In that spirit, a remarkable group of national organizations are promoting a model Religious Freedom Day proclamation or resolution for state and local executives and legislators. It seeks to be true to the facts of history and the intentions of the Statute, while remaining unburdened by the many contemporary issues related to religious freedom.
Those promoting the model resolution include BJC (The Baptist Joint Committee on Religious Liberty), and organizations from American Atheists to The Interfaith Alliance and the American Humanist Association—all of which are members of the Blitz Watch Coalition, which was formed to combat the Christian nationalist and Dominionist state legislative campaign called Project Blitz (the story of which was broken right here on Religion Dispatches.)
Versions of the model resolution were introduced last year in the Minnesota State Senate and passed unanimously in Washington DC. This year, Mayor William Peduto of Pittsburgh, Pennsylvania issued a proclamation based on the model, as has Governor Ned Lamont of Connecticut. In Minnesota, State Senator John Marty and Rep. Todd Lippert plan to introduce a Joint Resolution in the House and Senate to permanently commemorate Religious Freedom Day in their state, much in the manner of the federally recognized Day. In a prepared statement Marty said: “As people with deeply-held religious beliefs, we find it offensive that people want government to either promote or attack the religious beliefs of any Americans.”

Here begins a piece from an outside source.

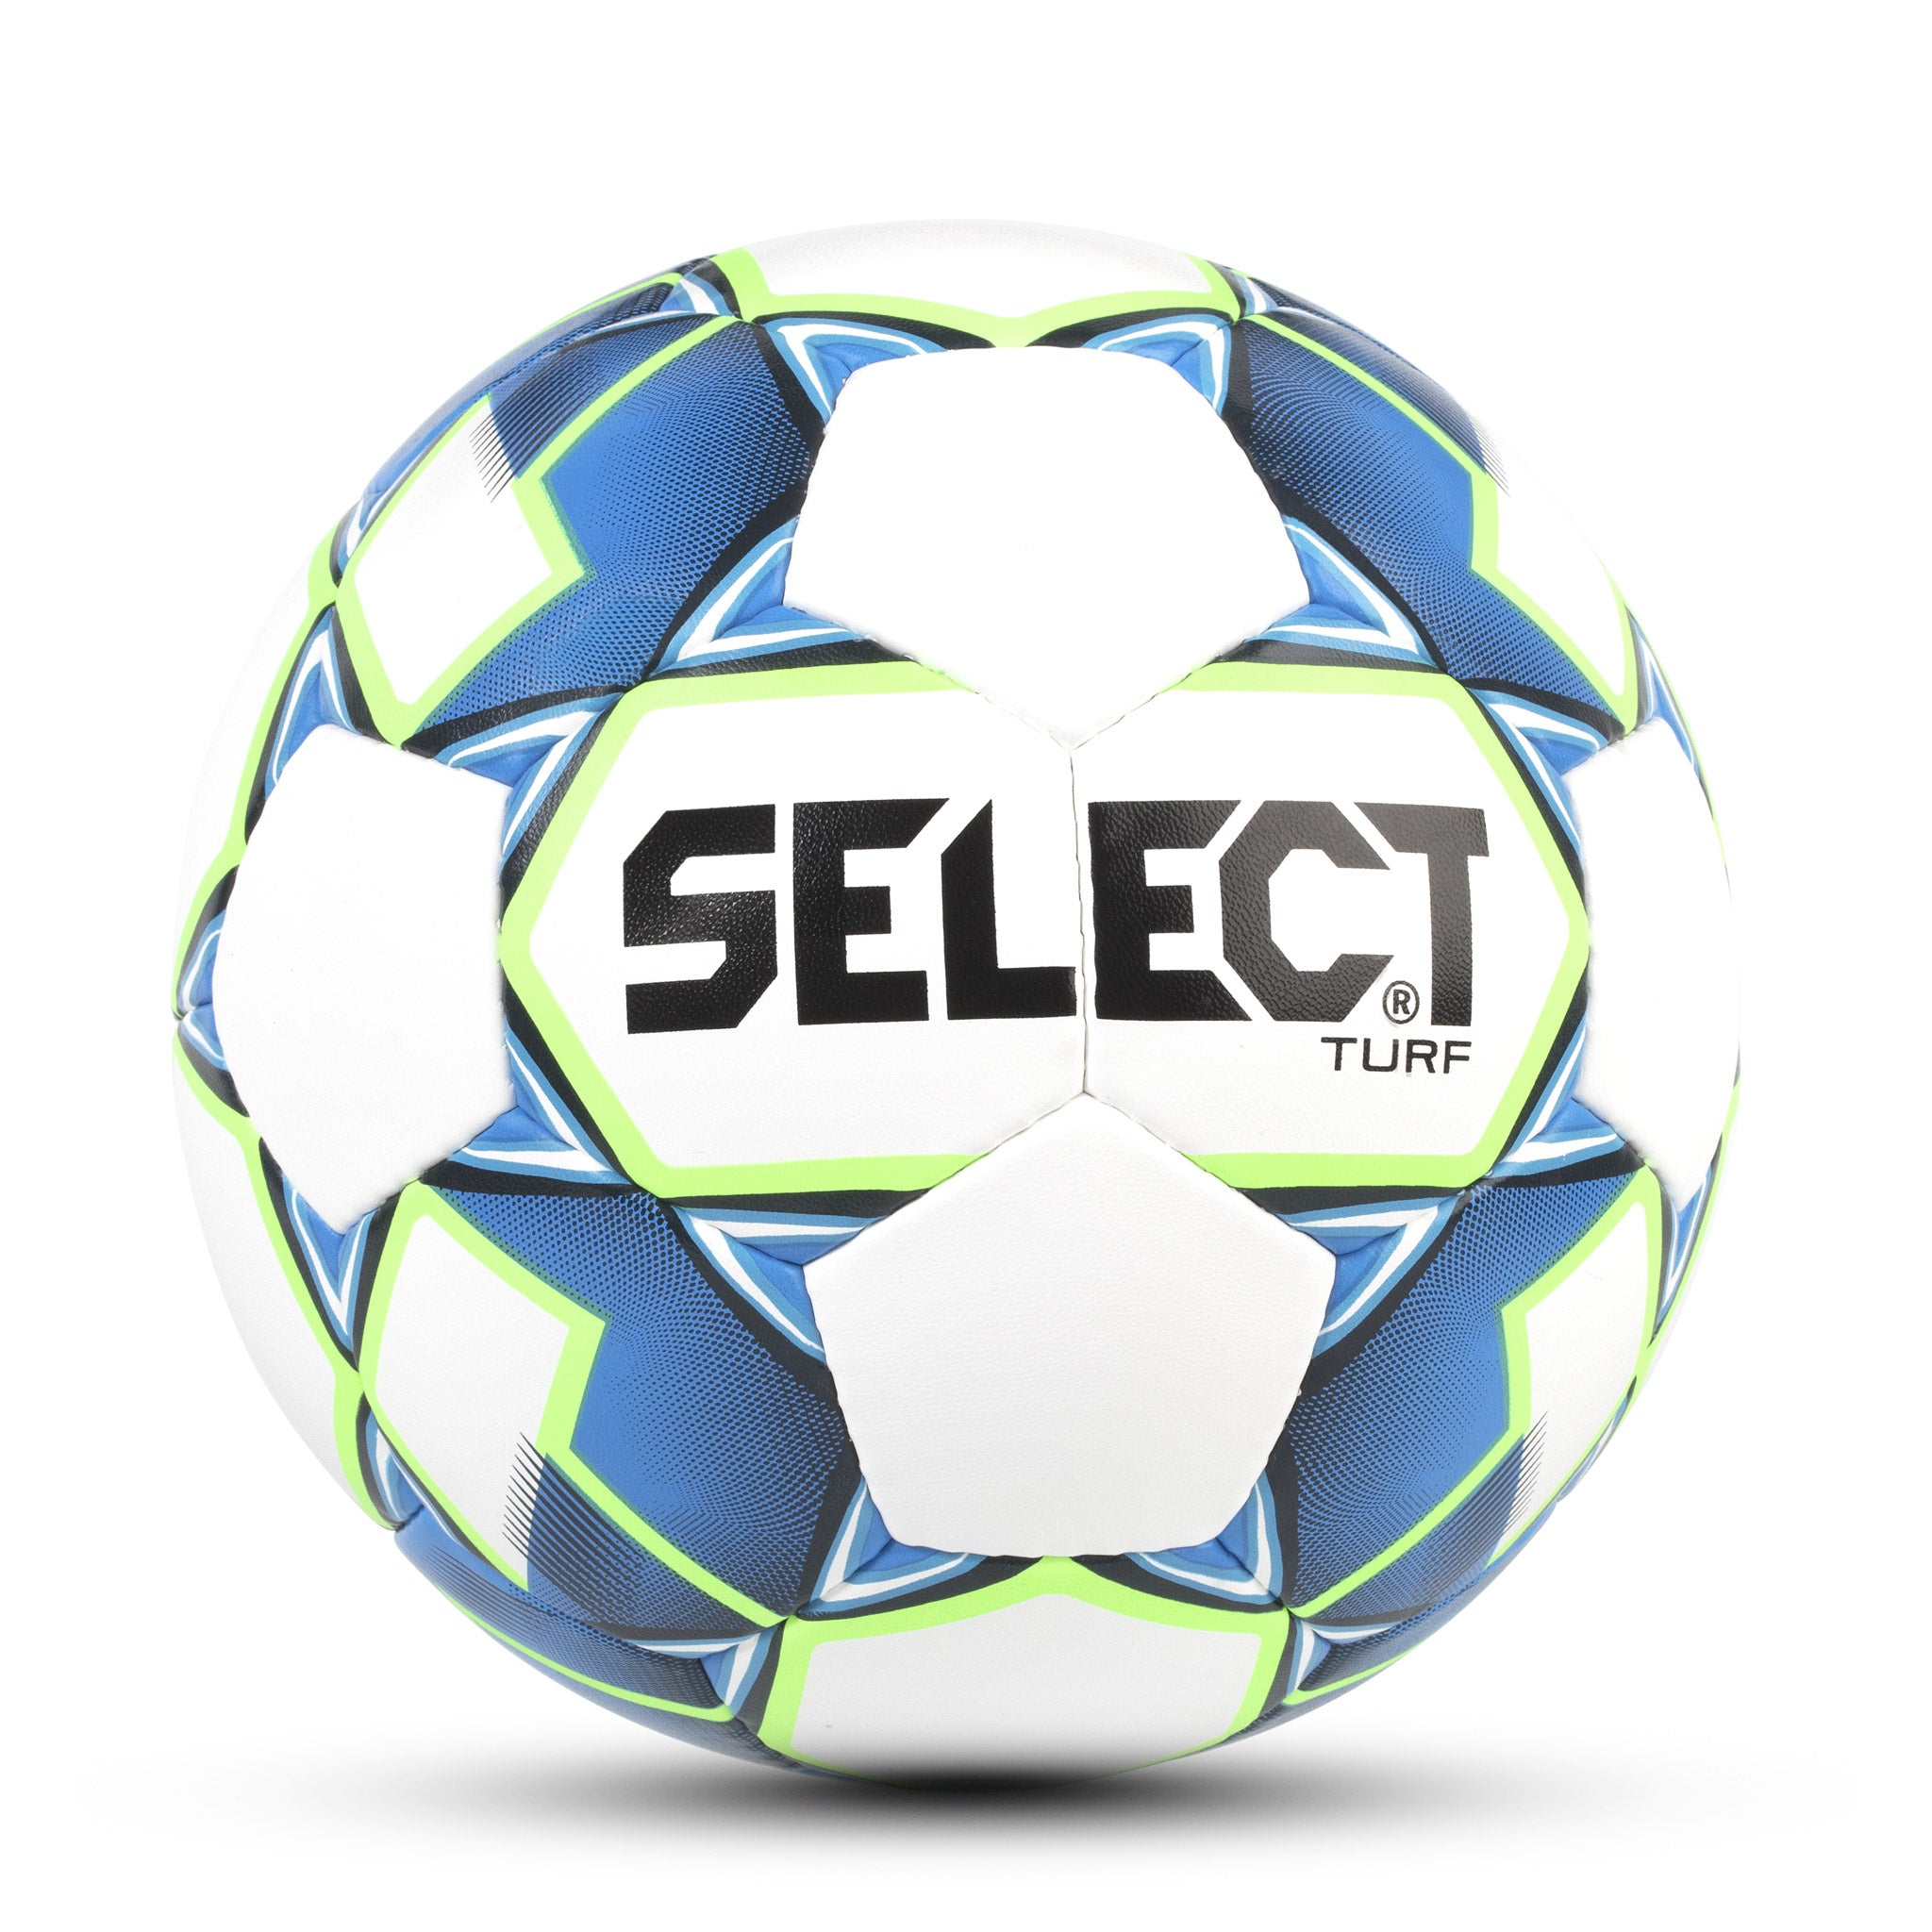 Derbystar Brillant APS 2022 is official match ball of Bundesliga 2022

This effort is partly in answer to bowdlerized Religious Freedom Day resolutions promoted by Project Blitz in state legislatures. These tend to be more acts of religious boosterism than commemorations of the legislative overthrow of the Anglican Church in Virginia or the advance of religious equality under the law. What’s more, in an act of historical erasure, a Religious Freedom Day resolution in the Kentucky State Senate and House failed to even mention the Virginia Statute. Unfortunately, historical erasure is not limited to the theocrats of Project Blitz. Liberal interest groups are sometimes unable to do much better than well-intended message campaigns about “faith” that fail to mention what Religious Freedom Day commemorates, let alone discuss what it means.

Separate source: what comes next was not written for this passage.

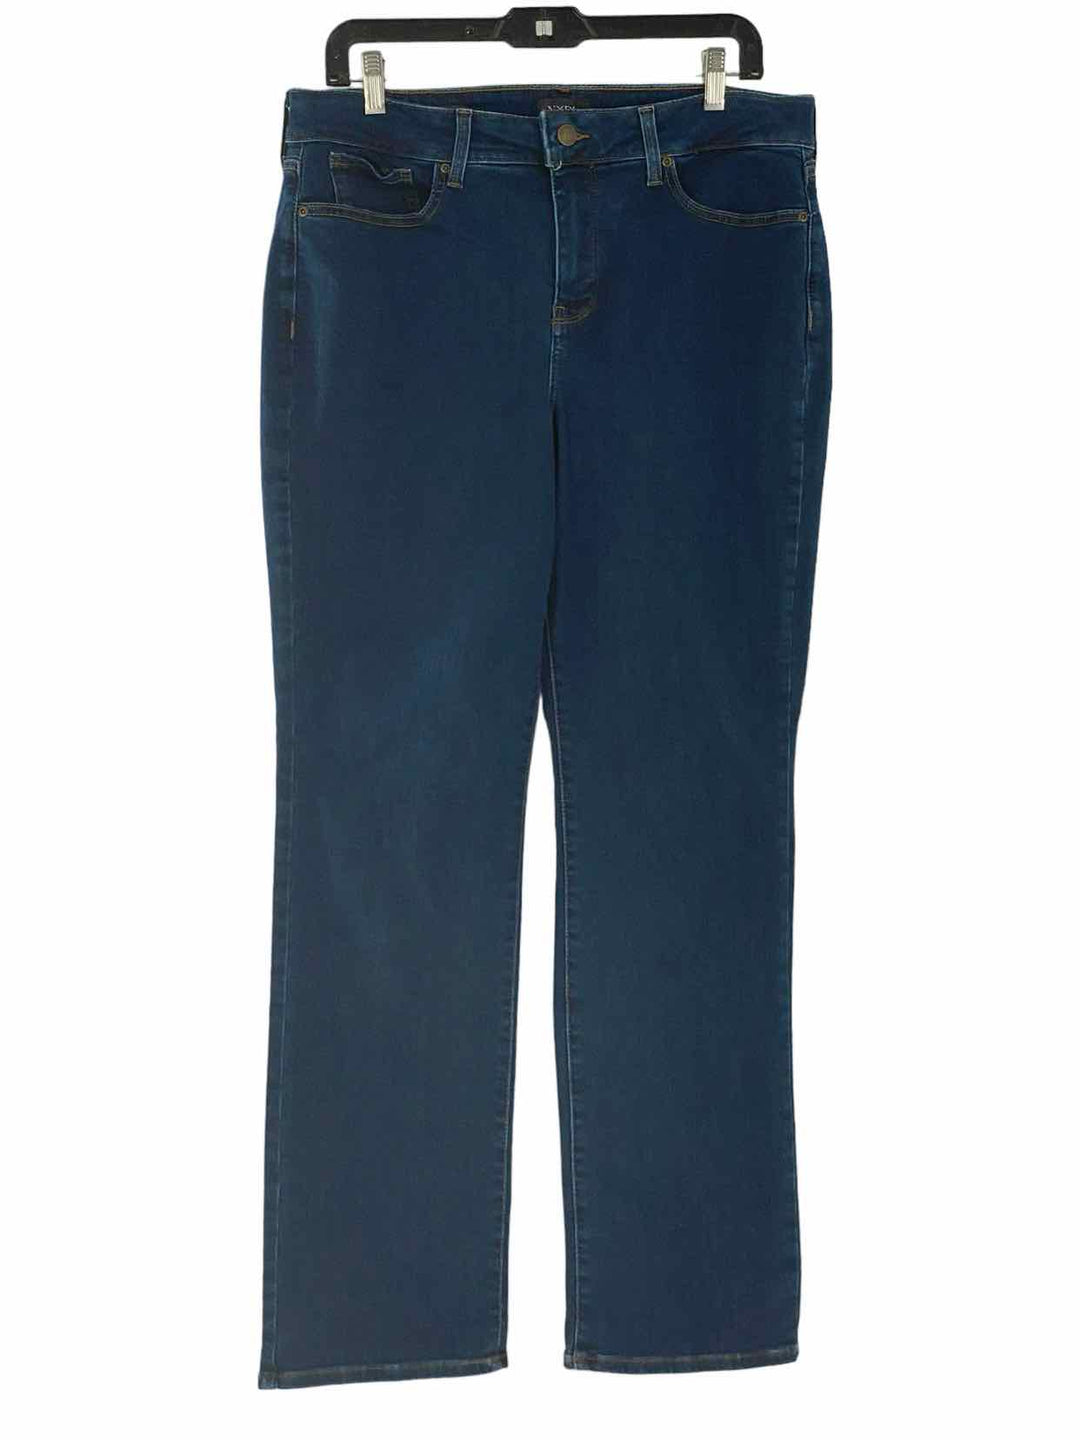 NYDJ Size 14 Blue Jeans

This is all the more remarkable because religious freedom has both nothing and everything to do with faith or religion. It is the underlying right to believe as you will—or not—and to change your mind, free from the undue influence of government or powerful religious institutions. It’s a civil or constitutional right, not to be confused with religion in general, or any particular religion at all.
Because all this is so, we need to know in our bones not only what religious freedom is, but also be able to articulate and connect this foundational value to our politics and policy-making in a way that’s second nature. But even as we become the founders, the kinds of leaders everyone from Jefferson to King said we need to be, we must also know that religious freedom understandably makes the rich and powerful nervous. They might prefer that we forget the origin and spirit of an idea so powerful that it has not only helped topple religious and imperial tyrants but has also helped us to advance human and civil rights, and to envision the possibility of democracy for all.
The authors of the First Amendment knew that without the right to think and believe differently than religious, governmental and economic elites—speech could not be free. Nor could there be a free press. That’s why freedom of religion is called the “first freedom.” Without it, democracy itself is impossible.
And that’s why it’s up to the rest of us to not only remember, but to refresh and reclaim religious freedom in our time.